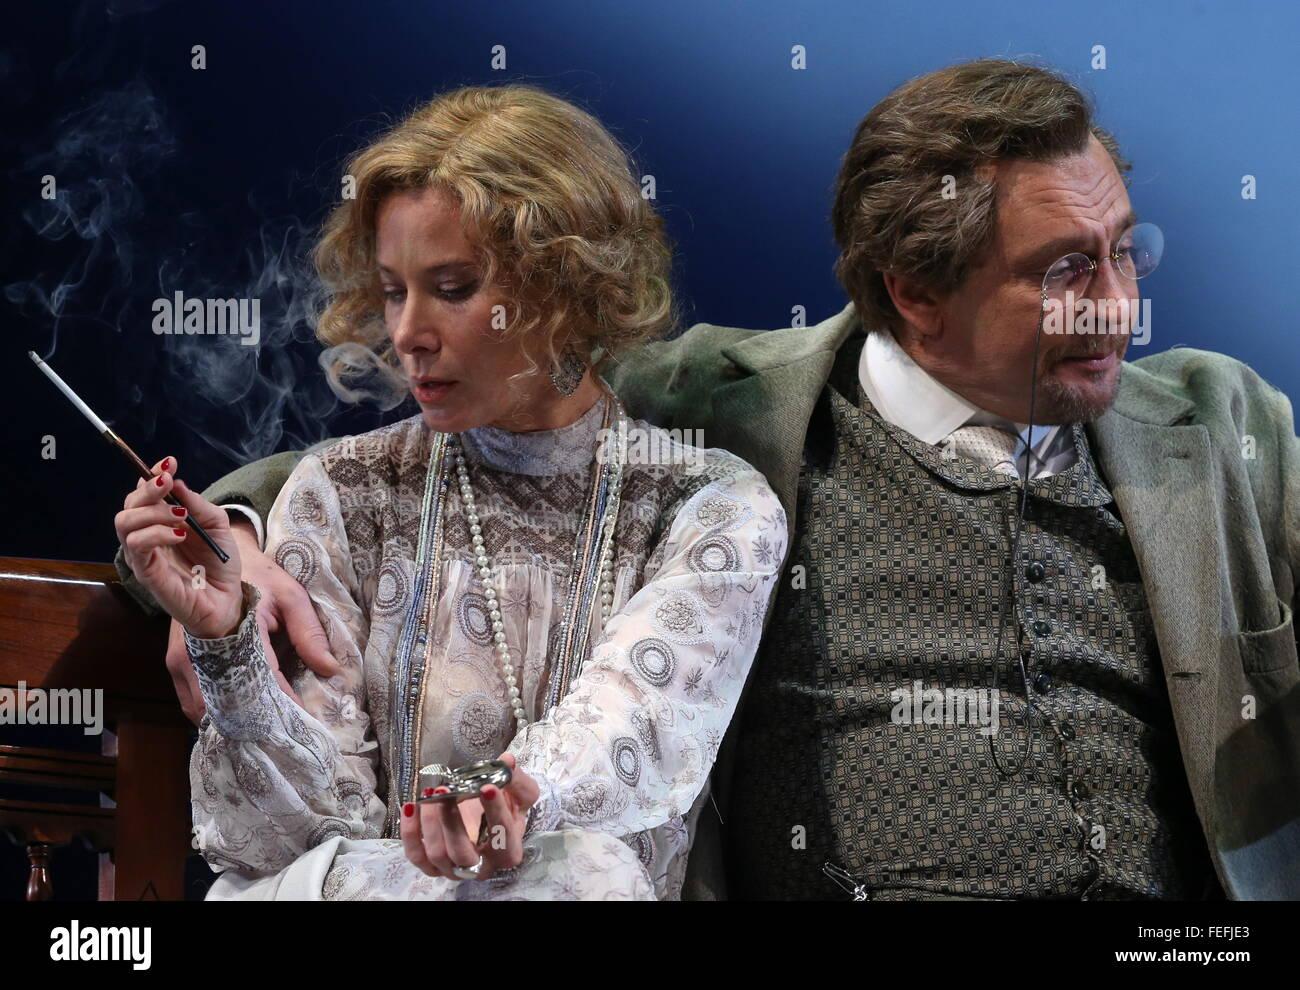 Alexander Domogarov in the company of ladies had fun at a secular party 12/10/2015
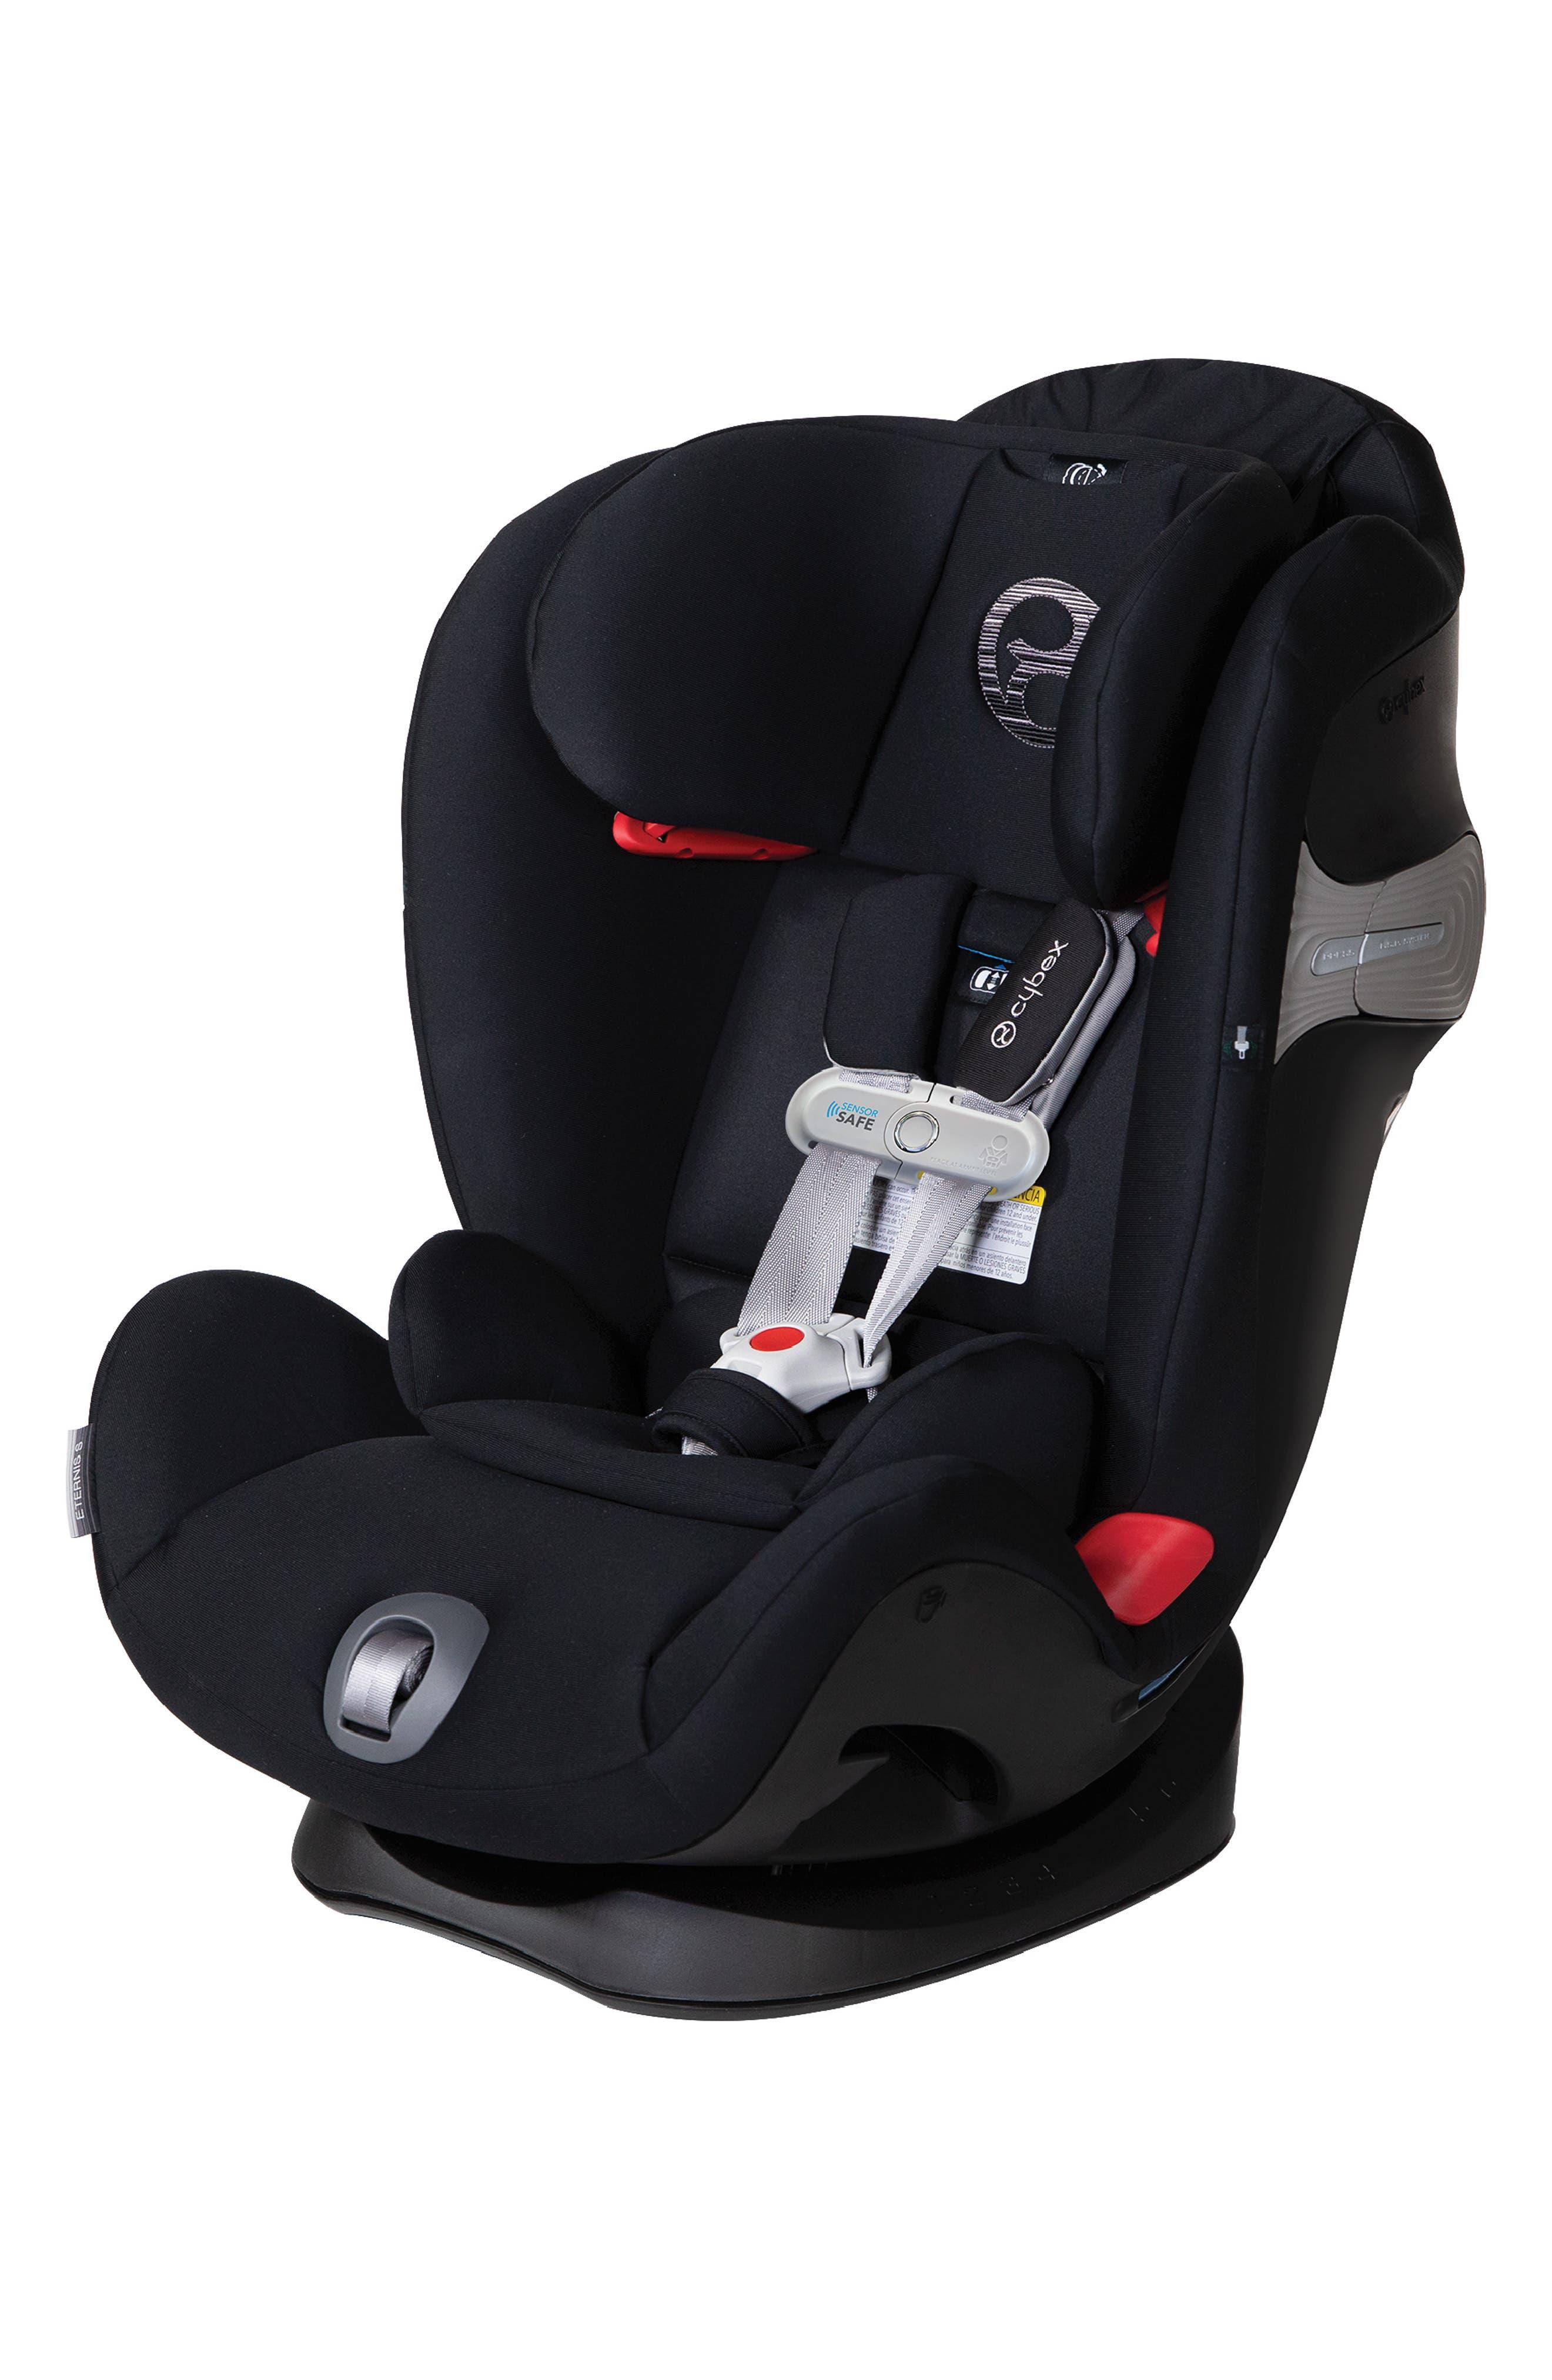 Infant Cybex Eternis S Sensorsafe(TM) AllInOne Car Seat Size One Size  Black
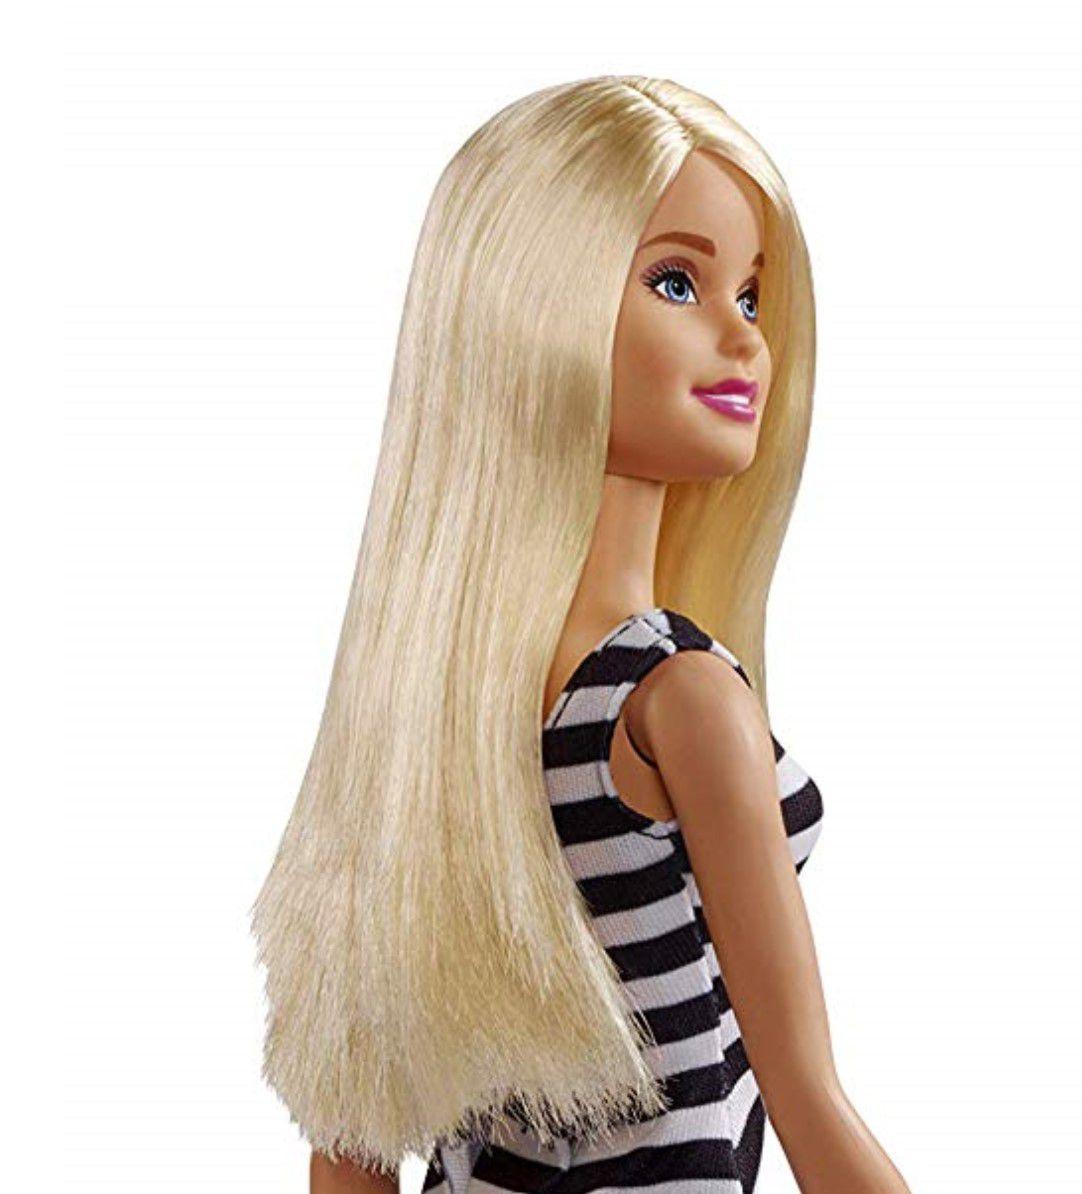 Boneca Barbie Loira Básica Glitz Vestido Branco E Preto

**ACTION ITEM**
Transcribe everything above exactly. Do not include the pictures.

**RESPONSE BOX**
 Alexander Domogarov in the company of ladies had fun at a secular party 12/10/2015
 Infant Cybex Eternis S Sensorsafe(TM) AllInOne Car Seat Size One Size  Black
 Boneca Barbie Loira Básica Glitz Vestido Branco E Preto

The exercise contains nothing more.